Training and certifications are critical to industry but often lack hands-on experience. This project is designed to bridge the gap from theory to practice. Project goals include: (i) developing hands-on laboratory exercises as a supplement for year-1 course material on ethical hacking; and (ii) training InfoSec professionals who require good understanding and proven capability in ethical hacking.
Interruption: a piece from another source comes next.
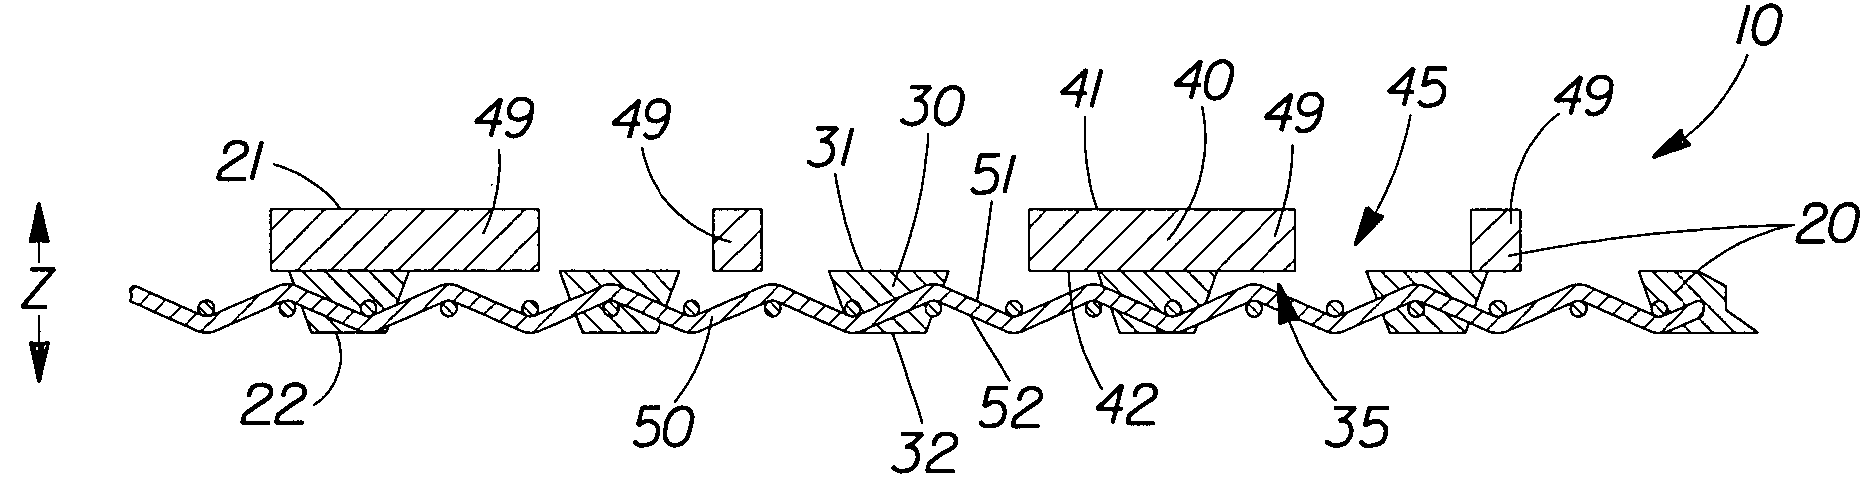 Process for producing a fibrous structure having increased surface area

Project outcomes inclued: (i) lab modules corresponding to theoretical underpinnings for various core knowledge units of Ethical Hacking; (ii) separate instructor-led and student practice activities; (iii) solutions for both instructor-led and student practice lab activities; and (iv) assessment for measuring student learning outcomes for each module, with solutions.
Project Website: http://csis.gmu.edu/ehc/
To improve the security of complex networked systems and develop effective network hardening strategies, it is critical to consider the potential impact of zero-day vulnerabilities. Although known attack patterns can be easily modeled, handling zero-day vulnerabilities is inherently difficult due to their unpredictable nature. In fact, current approaches to network hardening only consider known vulnerabilities. As a consequence, the resulting hardening recommendations may be unrealistic and far from optimal. Additionally, most existing approaches assume that complete attack graphs have been generated, which may be unfeasible in practice for large networks. To overcome these limitations, we propose a goal-centric approach to network hardening that takes into account both known and zero-day vulnerabilities and only requires partial attack graphs. First, we propose to develop polynomial algorithms that, starting from a set of hardening goals, can build the partial attack graph that is relevant for the attacker to reach one of those goals. These algorithms must analyze known vulnerabilities and also hypothesize potential zero-day vulnerabilities. Second, leveraging our previous work on network hardening, we will develop polynomial algorithms that can identify sets of configuration changes that would prevent the attacker from reaching any of the goals considered.